Hi,
I am using the following function to check the progress of a job executed on the cloud.
def check_study_status(study: Job):
""""""
status = study.status.status
while True:
status_info = study.status
print('\t# ------------------ #')
print(f'\t# pending runs: {status_info.runs_pending}')
print(f'\t# running runs: {status_info.runs_running}')
print(f'\t# failed runs: {status_info.runs_failed}')
print(f'\t# completed runs: {status_info.runs_completed}')
if status in [
JobStatusEnum.pre_processing, JobStatusEnum.running, JobStatusEnum.created,
JobStatusEnum.unknown
]:
time.sleep(15)
study.refresh()
status = status_info.status
else:
# study is finished
time.sleep(2)
break
Previously it was working ok. But today, it returns the following message:
Traceback (most recent call last):
File ~\AppData\Local\anaconda3\lib\site-packages\spyder_kernels\py3compat.py:356 in compat_exec
exec(code, globals, locals)
File c:\users\arr18sep\desktop\pollination\marl_cloud.py:860
check_study_status(study=study)
File ~\Desktop\pollination\herp\pollination_interact.py:136 in check_study_status
study.refresh()
File ~\AppData\Local\anaconda3\lib\site-packages\pollination_streamlit\interactors.py:95 in refresh
self._fetch_runs()
File ~\AppData\Local\anaconda3\lib\site-packages\pollination_streamlit\interactors.py:88 in _fetch_runs
self._runs = self.run_api.get_runs(self.owner, self.project, self.id)
File ~\AppData\Local\anaconda3\lib\site-packages\pollination_streamlit\api\runs.py:22 in get_runs
return self._run_results_request(owner, project, job_id)

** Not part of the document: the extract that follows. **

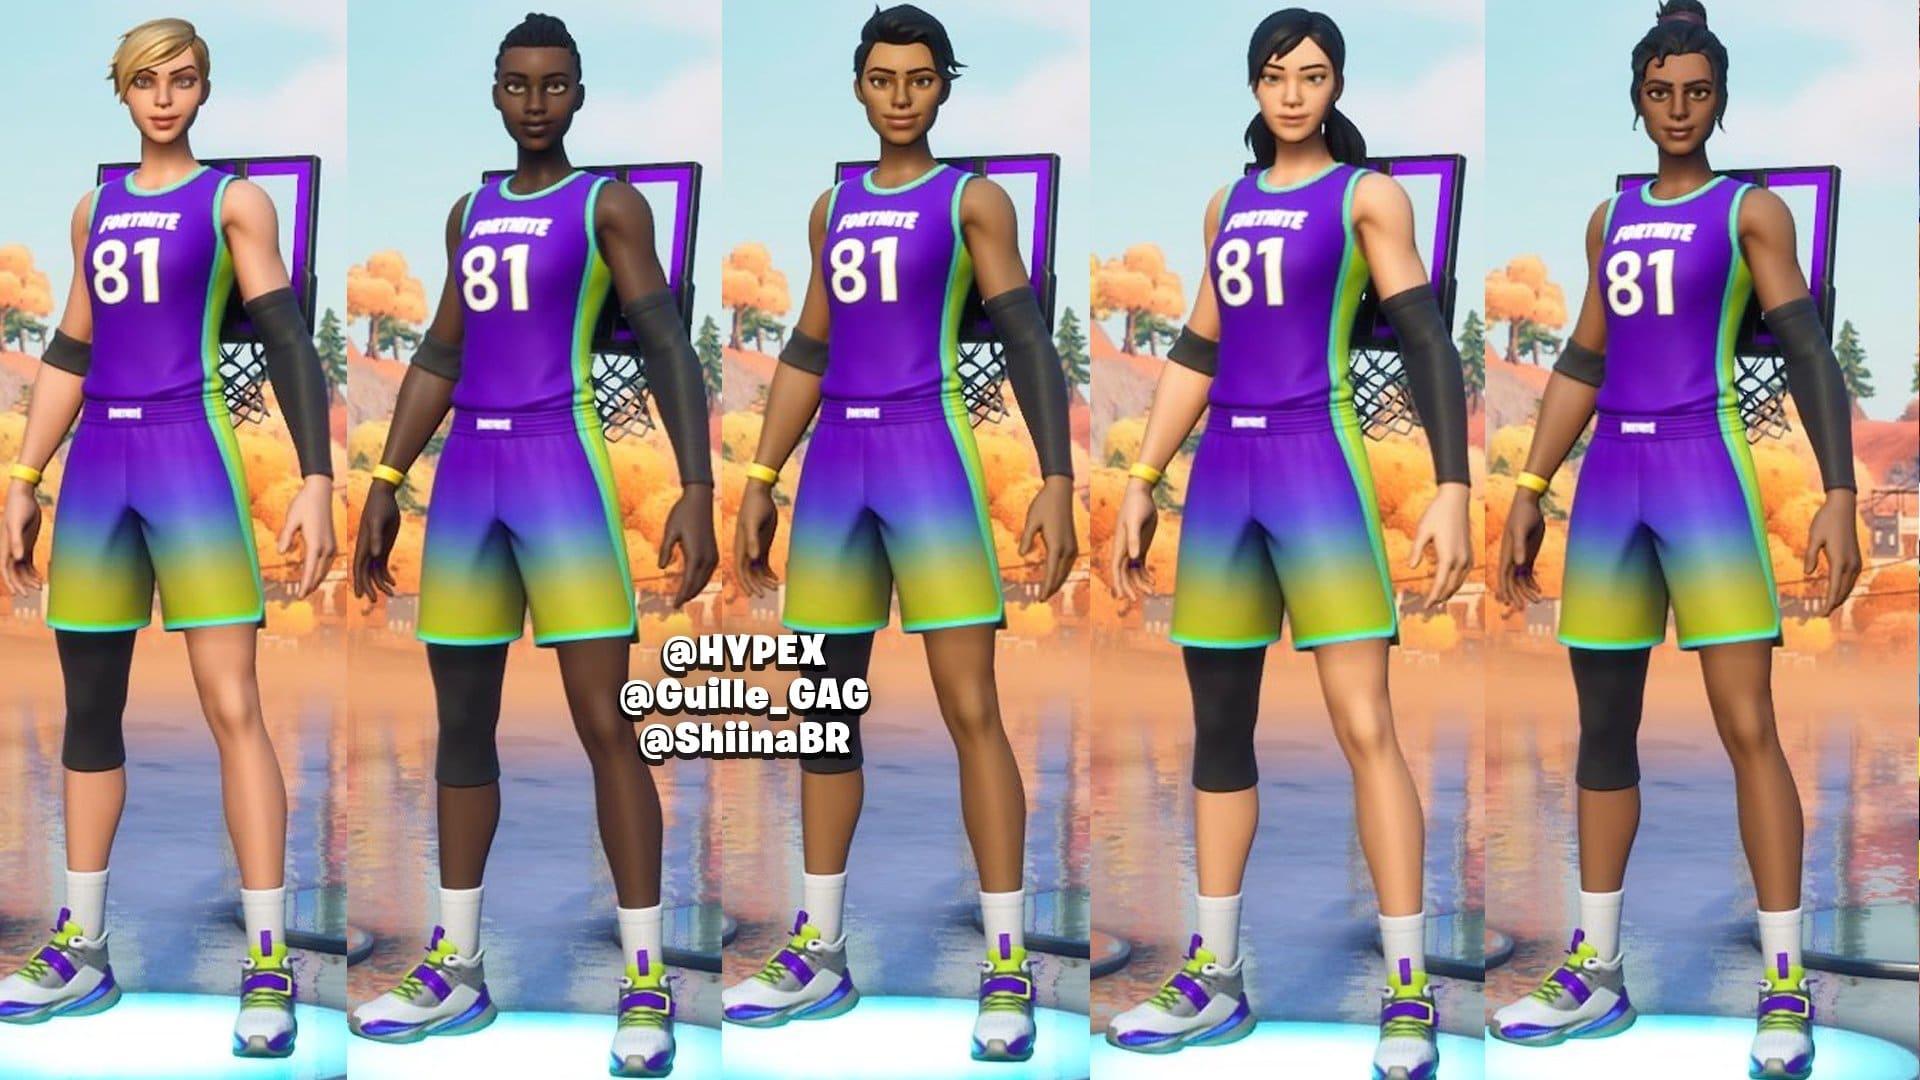 скинов баскетбольного ивента НБА в фортнайт 2 - Сливы скинов баскетбольного ивента НБА в фортнайт

File ~\AppData\Local\anaconda3\lib\site-packages\pollination_streamlit\api\runs.py:10 in _run_results_request
res = self.client.get(
File ~\AppData\Local\anaconda3\lib\site-packages\pollination_streamlit\api\client.py:82 in get
res.raise_for_status()
File ~\AppData\Local\anaconda3\lib\site-packages\requests\models.py:1021 in raise_for_status
raise HTTPError(http_error_msg, response=self)
HTTPError: 500 Server Error: Internal Server Error for url: https://api.pollination.cloud/projects/centipede-llc/seventh_tst/results?job_id=55ece200-dbed-466f-a889-0051d4feaadb&page=1
I have seen this before, but it was unusual. Now it does not even let me download the first of a series of jobs to submit. The models are uploaded, but apparently, after the first run of the function, it loses communication with the server and does not receive any further response.
Thanks for your help!
I have tried several times, even after receiving your response. The issue persists. The first batch of models is uploaded, but then the check study status function runs only once. The output freezes for more than a minute, and the same error is returned again. I have tried different IDEs, refreshing the API token and changing the project folder. Nothing seems to work.
This is the output just before the HTTP error:
It freezes there for more than a minute, and finally, the Error 500 is returned. This is definitely a communication error, as I can access my account and see the models uploaded and the jobs completed.
@serpoag - I updated the code under the other topic and tried running it a couple of times. Everything works as expected. Can you give it a try and let me know if it also works for you? Thanks.
Running perfectly as usual. Thanks! I tried with both the old code and the new one, both working fine. I guess it was a temporal issue from the server side. Did you find any possible cause?
Excellent! Yes. It was a misconfiguration on our end that affected a few internal calls. They were being timed out, so you would get a 500 response. This issue should not happen again. The other problem you faced before was because of the infrastructure unavailability which is out of our control. We have workflows in place that makes a recovery from those instances quickly but it can take a few seconds. The new check that I put in the code should keep your script running until the automated fix kicks in.